In liquid , the gradient is normalized to unity (orthonormal). That is \(\|\nabla f(\vec{x}[n])\|=1\) . Furthermore, \(\gamma\) is slightly reduced each epoch by a multiplier \(\mu\)

$$ \gamma[n+1] = \mu \gamma[n] $$This helps improve stability and convergence over regions where the algorithm might oscillate due to steep values of \(f\) .

### Interface

Here is a summary of the parameters used in the gradient search algorithm and their default values:

- \(\Delta\) : step size in computing the gradient (default \(10^{-6}\) )
- \(\gamma\) : step size in updating \(\vec{x}[n]\) (default 0.002)
- \(\alpha\) : momentum constant (default 0.1)
- \(\mu\)

Here is the basic interface to the gradsearch object:

- gradsearch_create(*userdata,*v,n,utility,min/max,*props) creates a gradient search object designed to optimize an \(n\) -point vector \(\vec{v}\) . The user-defined utility function and userdata structures define the search, as well as the min/max flag which can be either LIQUID_OPTIM_MINIMIZE or LIQUID_OPTIM_MAXIMIZE . Finally, the search is parametrized by the props structure; if set to NULL the defaults will be used. When run the gradsearch object will update the "optimal" value in the input vector \(\vec{v}\) specified during create() .
- gradsearch_destroy(q) destroys a gradsearch object, freeing all internally-allocated memory.
- gradsearch_print(q) prints the internal state of the gradient search object.
- gradsearch_reset(q) resets the internal state of the gradient search object.
- gradsearch_step(q) steps through a single iteration of the gradient search. The result is stored in the original input vector \(\vec{v}\) specified during the create() method.
- gradsearch_execute(q,n,target_utility) runs multiple iterations of the search algorithm, stopping after either \(n\) iterations or if the target utility is met.

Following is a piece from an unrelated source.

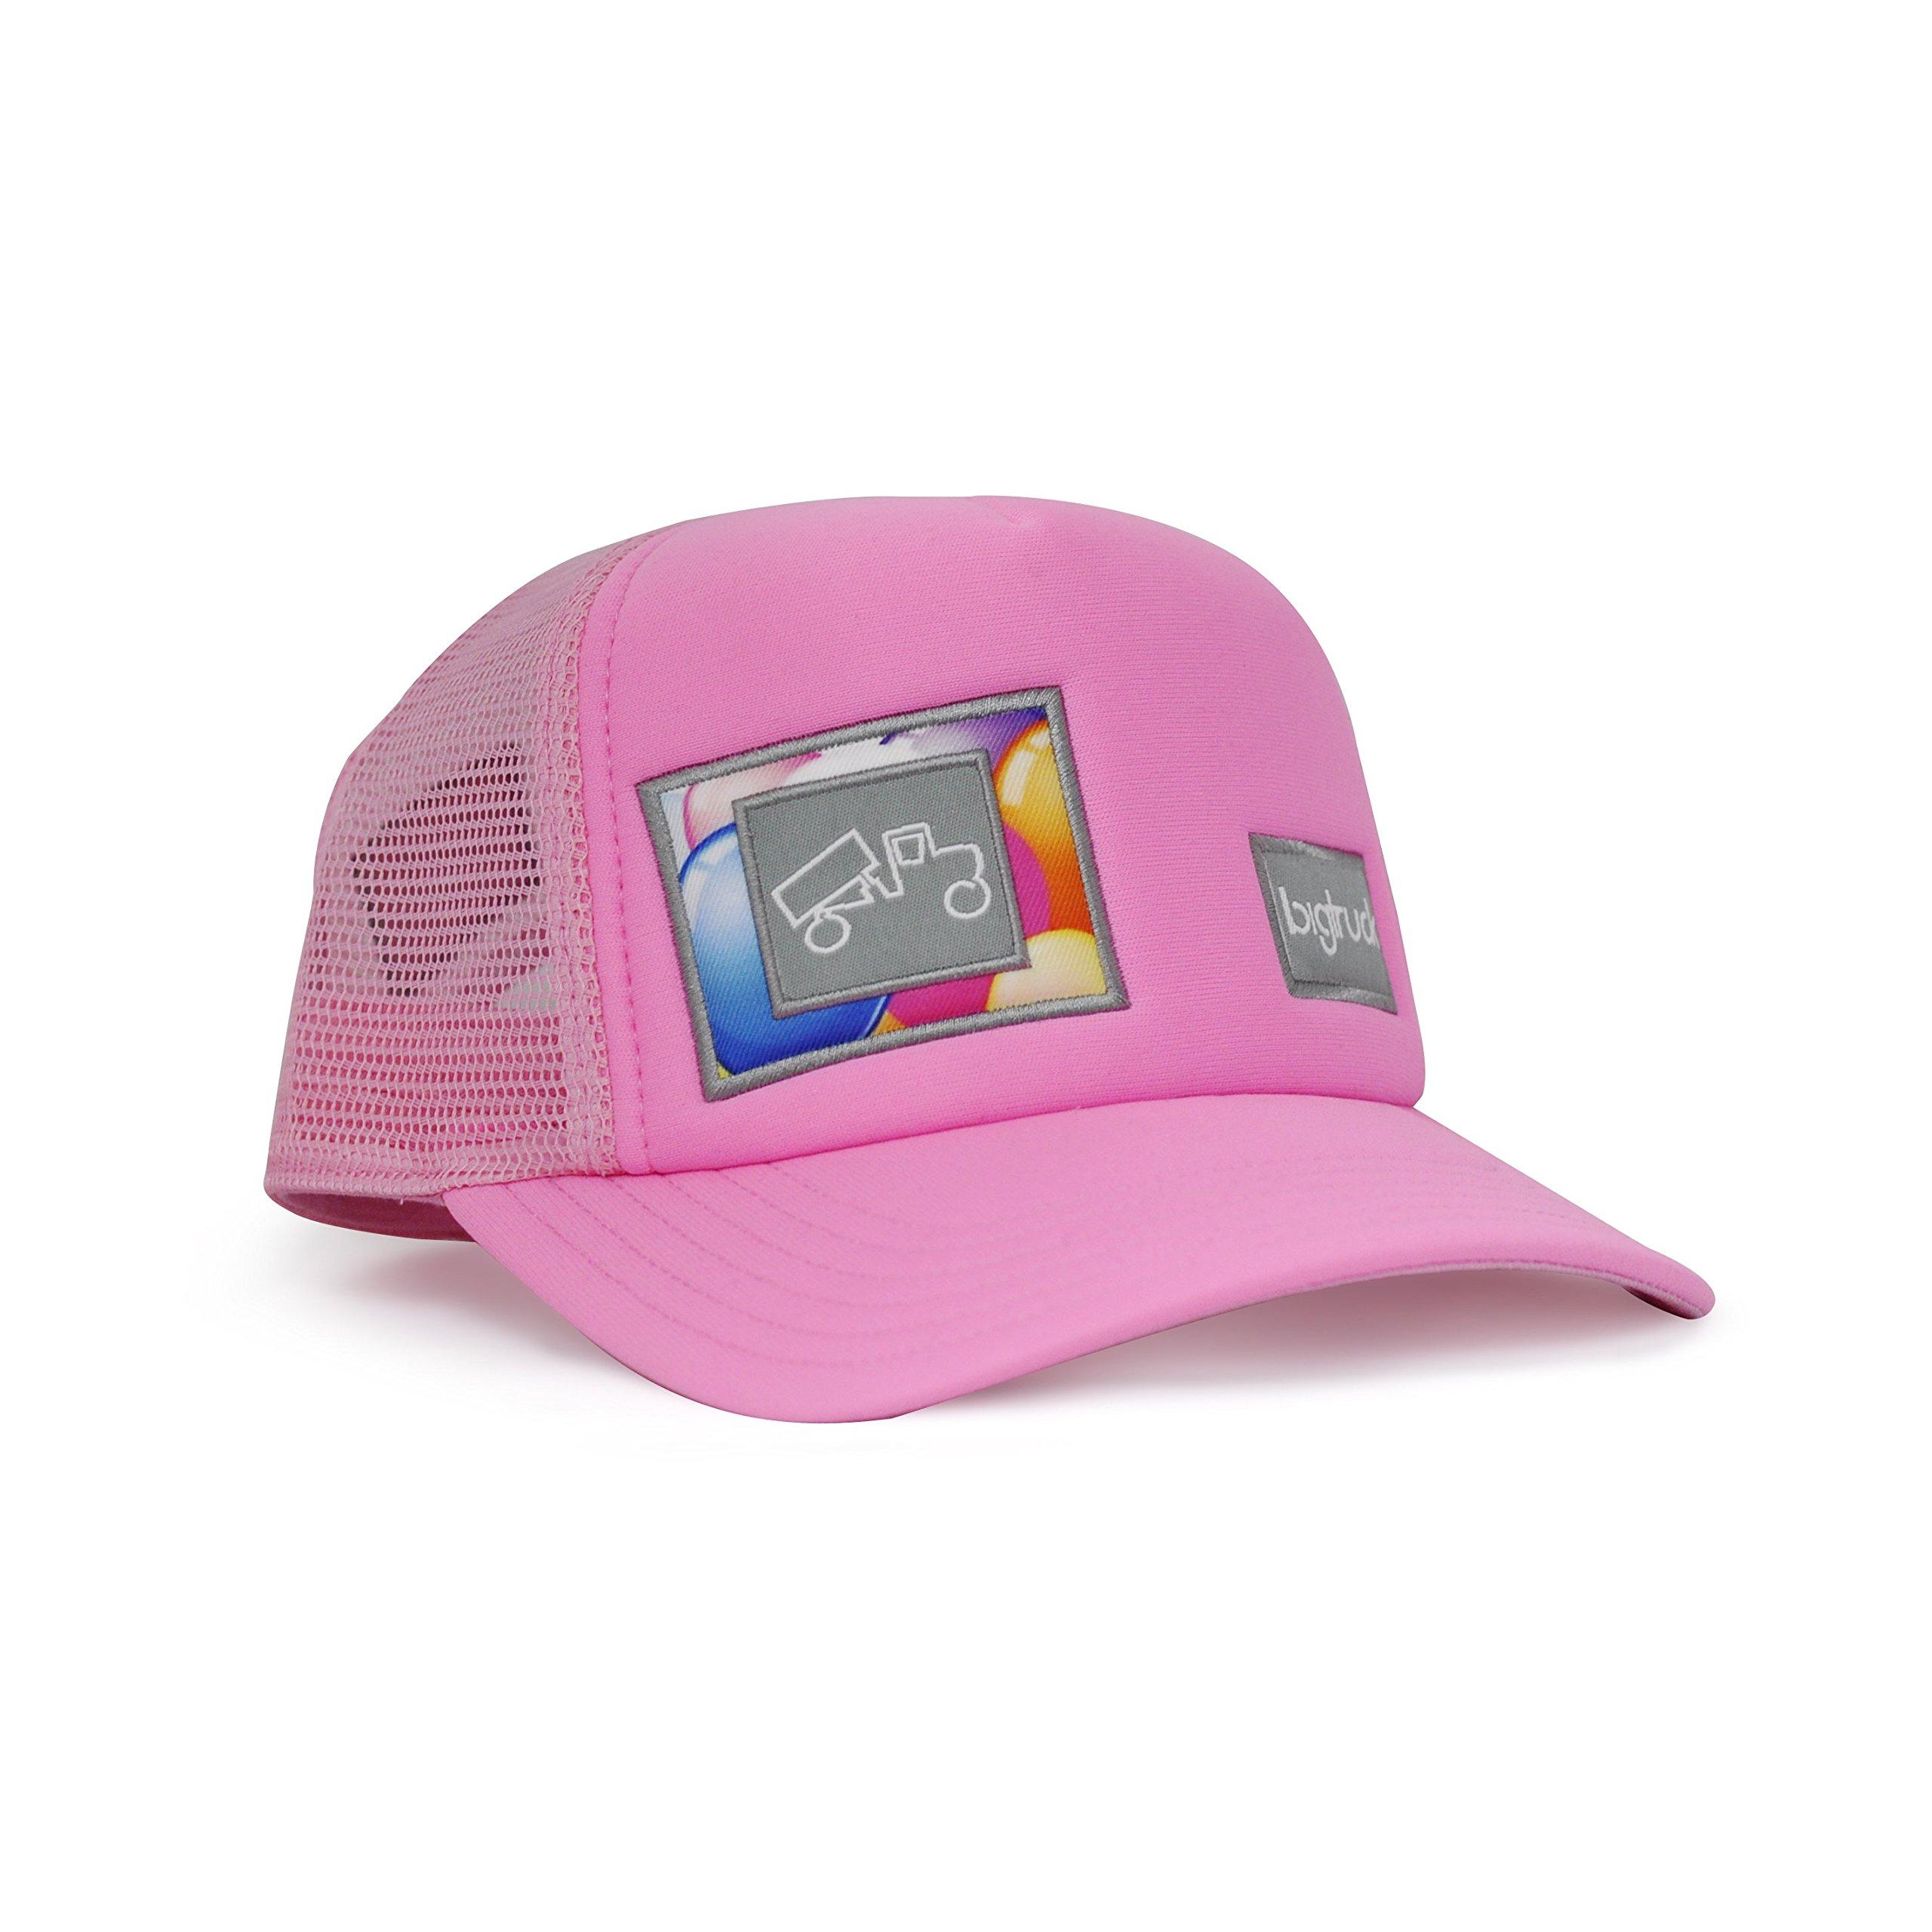 bigtruck Original Toddler Mesh Snapback Toddler Trucker Hat, Pink

Here is an example of how the gradient_search is used:

```
#include <liquid/liquid.h>
// user-defined utility callback function
float myutility(void * _userdata, float * _v, unsigned int _n)
{
float u = 0.0f;
unsigned int i;
for (i=0; i<_n; i++)
u += _v[i] * _v[i];
return u;
}
int main() {
unsigned int num_parameters = 8; // search dimensionality
unsigned int num_iterations = 100; // number of iterations to run
float target_utility = 0.01f; // target utility
float v[num_parameters]; // optimum vector
// ... intialize v ...
// create gradsearch object
gradsearch gs = gradsearch_create(NULL,
v,
num_parameters,
&myutility,
LIQUID_OPTIM_MINIMIZE);
// execute batch search
gradsearch_execute(gs, num_iterations, target_utility);
// clean it up
gradsearch_destroy(gs);
}
```

Notice that the utility function is a callback that is completely defined by the user.

**Figure [fig-optim-gradsearch]**.
gradsearch
performance for 2-parameter Rosenbrock function
\(f(x,y) = (1-x)^2 + 100(y-x^2)^2\)
with a starting point of
\((x_0,y_0)=(-0.1,1.4)\)
. The minimum is located at
\((1,1)\)
.

[fig-optim-gradsearch] depicts the performance of the gradient search for the Rosenbrock function, defined as \(f(x,y) = (1-x)^2 + 100(y-x^2)^2\) for input parameters \(x\) and \(y\) . The Rosenbrock function has a minimum at \((x,y)=(1,1)\) ; however the minimum lies in a deep valley which can be difficult to navigate. From the figure it is apparent that finding the valley is trivial, but convergence to the minimum is slow.